Should we be worrying about a ‘Carney put’?

Stackelberg Follower makes a point about the appointment of Mark Carney as Governor of the Bank of Canada that has been studiously avoided by commentators until now:

I remain unconvinced that investment bankers should be running the central bank.

Now,
I don’t have a pathological hatred that most of them will likely earn
more than I ever will if I end up in academia. But I remain unconvinced
that anyone who is fundamentally part of the investment community
should be running the BoC.

Maybe I should justify this belief?
I’ll give it a shot. The investment community is a very small part of
the real economy. Yes, financial services are the biggest things in the
economy, by market-cap, TSX weight,
or whatever. And yes, I’m pretty sure a lot of banks add to the bottom
line by playing with exotic trading instruments, but their fundemental
strength is derived from the average Canadian who is happy with
low-cost index funds and fixed income.

It seems that most
investment types take this sort of news poorly. I mean, looking at the
American whining to rescue equity markets – whining which was indeed
sated. Slate has a good article on this: The toddlers who are running the global economy. There is no law that says speculative losses will derail the economy, and I don’t think they can, really.

Now,
I’m pretty sure even if there come times when Carney caters to the TSX
more than I’d personally care for, this doesn’t mean the big bad
seventies are coming back. By no means. But I’d much prefer someone who
can push an agenda I think would be much more profitable in the long
run than bailing out Bay Street; things like the stability of the
time-path of prices.

This is something worth thinking about. An important part of the Bank of Canada’s accumulated stock of inflation-fighting credibility has been based on the flinching certainty that it will not cut interest rates in order to provide a floor for stock prices. When the Bank was being run by career civil servants, this sort of focus was relatively easy to maintain: the decision-makers simply didn’t care if they were personally popular on Bay Street. Or anywhere else, for that matter: John Crow is a case in point.

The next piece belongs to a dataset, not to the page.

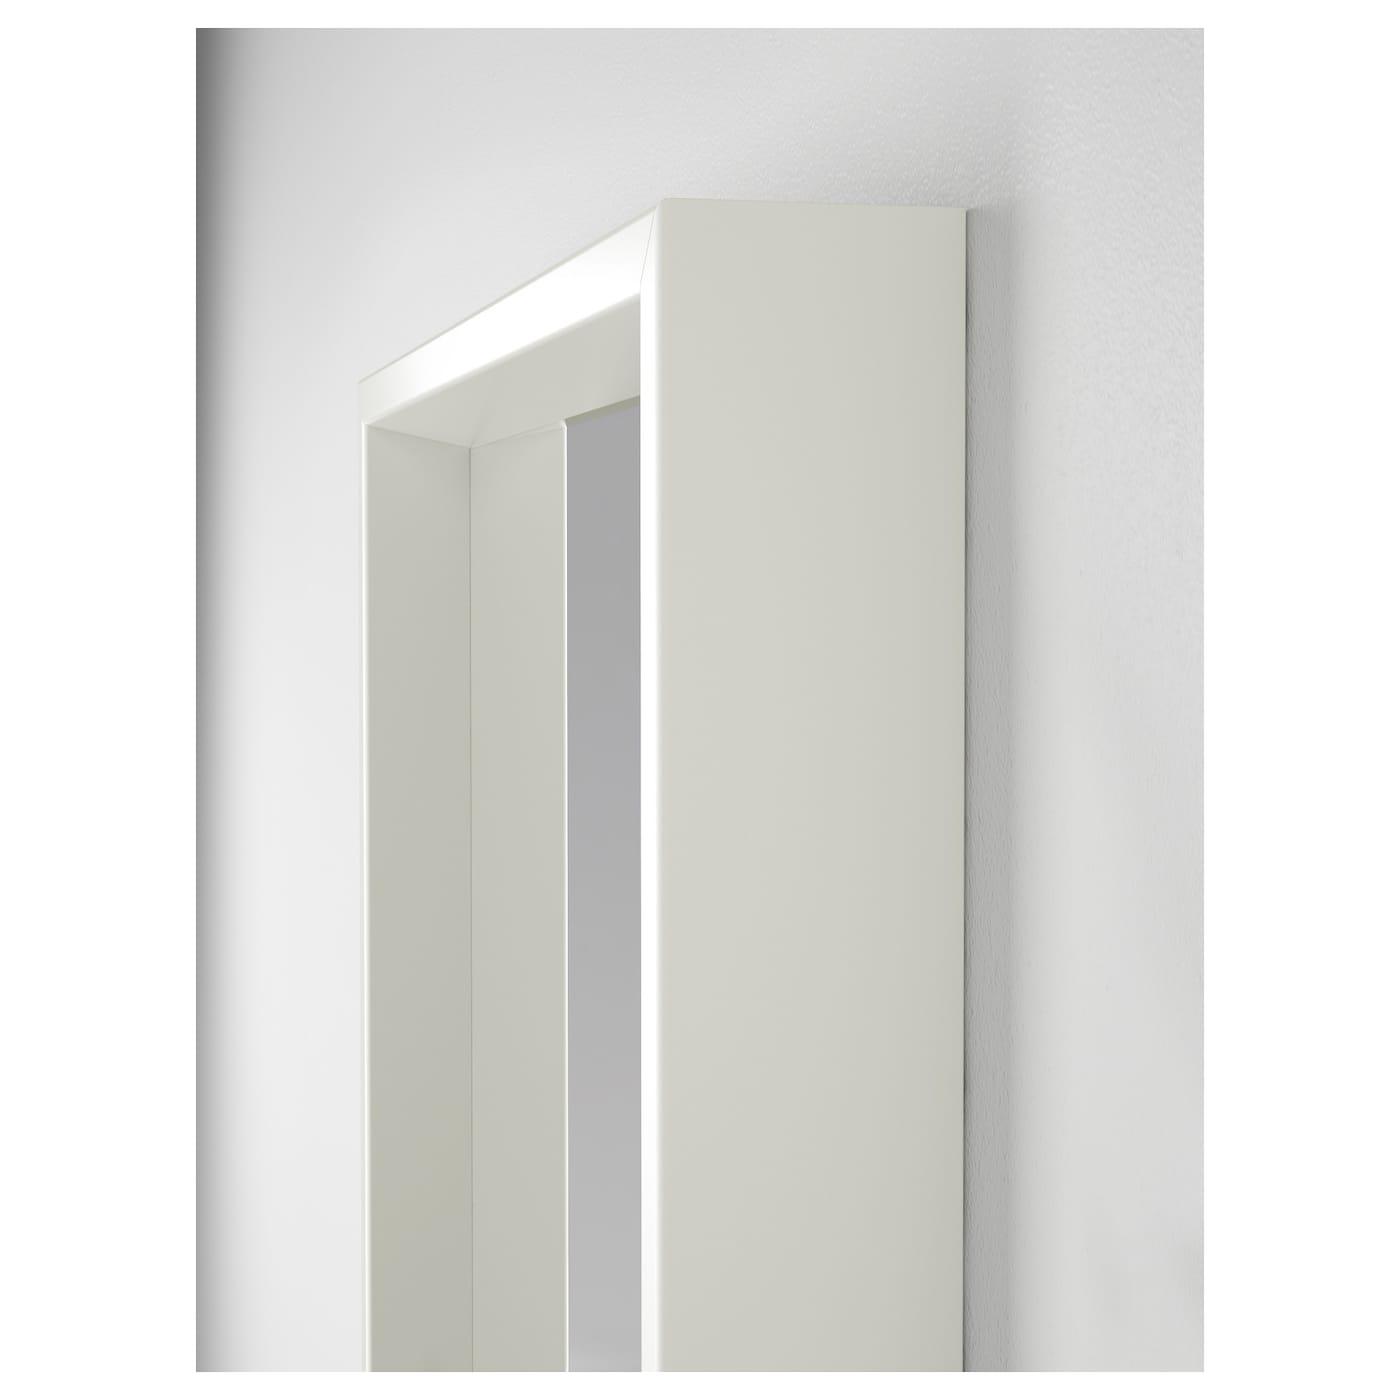 NISSEDAL Espejo, blanco, 40x150 cm IKEA

Carney’s familiarity with financial markets is his strongest  asset in his new job; the Bank’s major challenges over the next few years are likely to involve trying to avoid such things as the subprime meltdown. But he’s only 42, and he may be entertaining the possibility of returning to the private
sector after his mandate as Governor.

3 comments

  1. Simon van Norden's avatar
    Simon van Norden · · Reply

    “Carney’s familiarity with financial markets is his strongest asset in his new job; the Bank’s major challenges over the next few years are likely to involve trying to avoid such things as the subprime meltdown. But he’s only 42, and he may be entertaining the possibility of returning to the private sector after his mandate as Governor.”
    When I try to think seriously about this, several questions come to mind.
    1) Have past governors of the BoC had any trouble finding private sector employment after their tenure?
    2) One of the nice things about the BoC job is that it boosts your international profile, what with all the G7 and BIS and IMF etc. meetings. Does being tough on the Canadian financial sector hurt your prospects in the international talent market?
    3) Ambitious types often shift from public to private or vice versa. (C.D. Howe comes to mind as an example.) Given Carney’s good private sector credentials, what is his marginal benefit from further polishing them versus establishing his bona fides with the public sector?

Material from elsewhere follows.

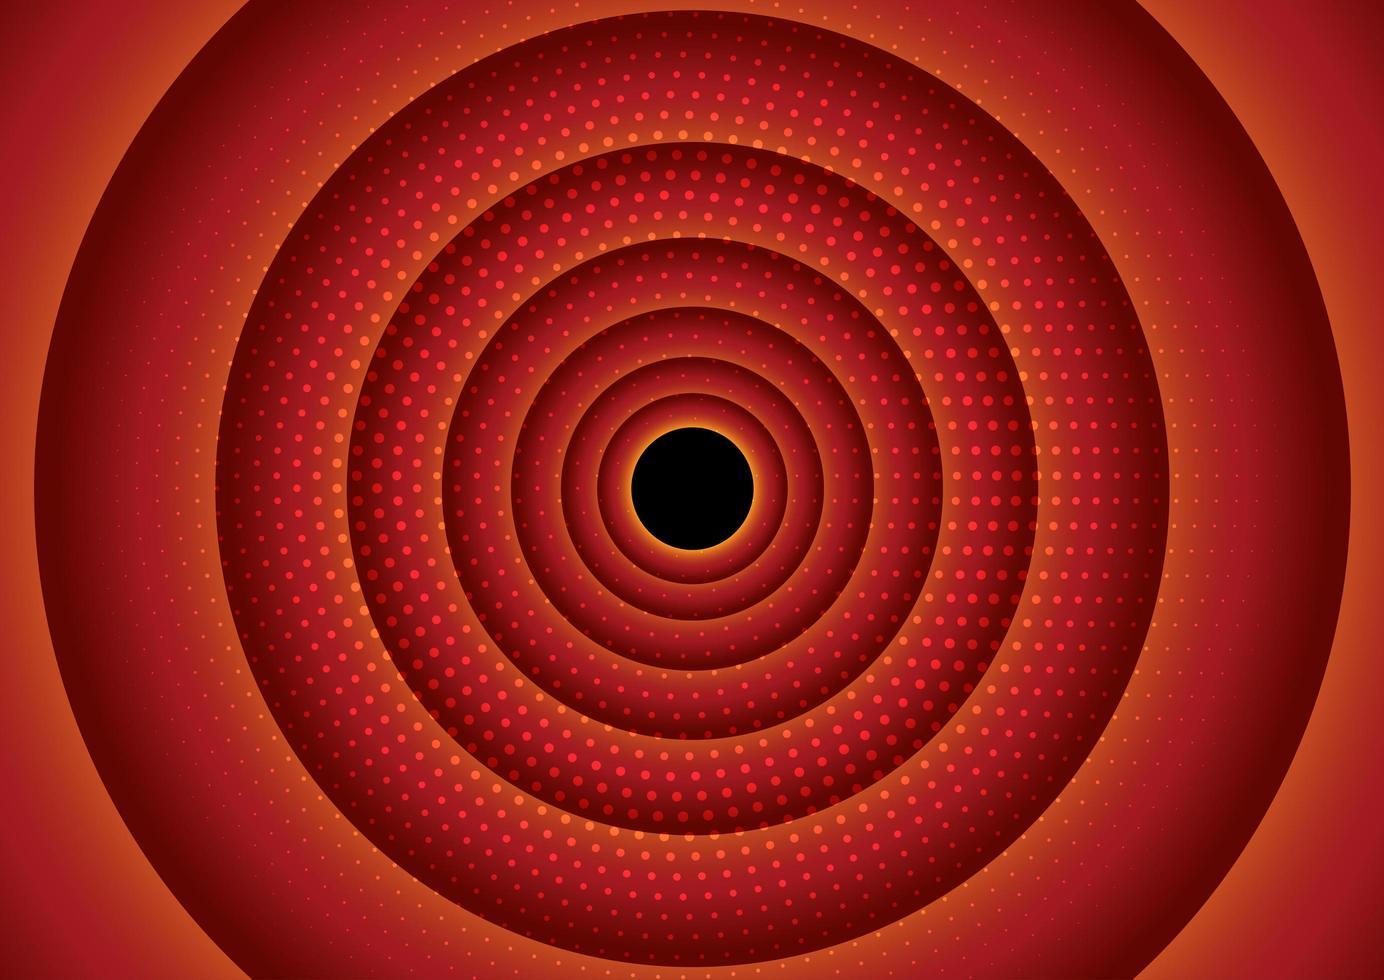 kreisförmiges rotes Halbton-Design vektor

  2. Stephen Gordon's avatar

    Those are good points. Presumably – hopefully! – a willingness to be hard-nosed and unpopular in order to do one’s job properly would be considered an asset in that market.

  3. Ron's avatar

    If you want to see what happens when a central banker gives in to the financial community, look no farther than down south. Bernanke seems all too eager to cut interest rates to spur some definition of “growth” at the expense of price stability. The BoC should avoid such antics at all costs.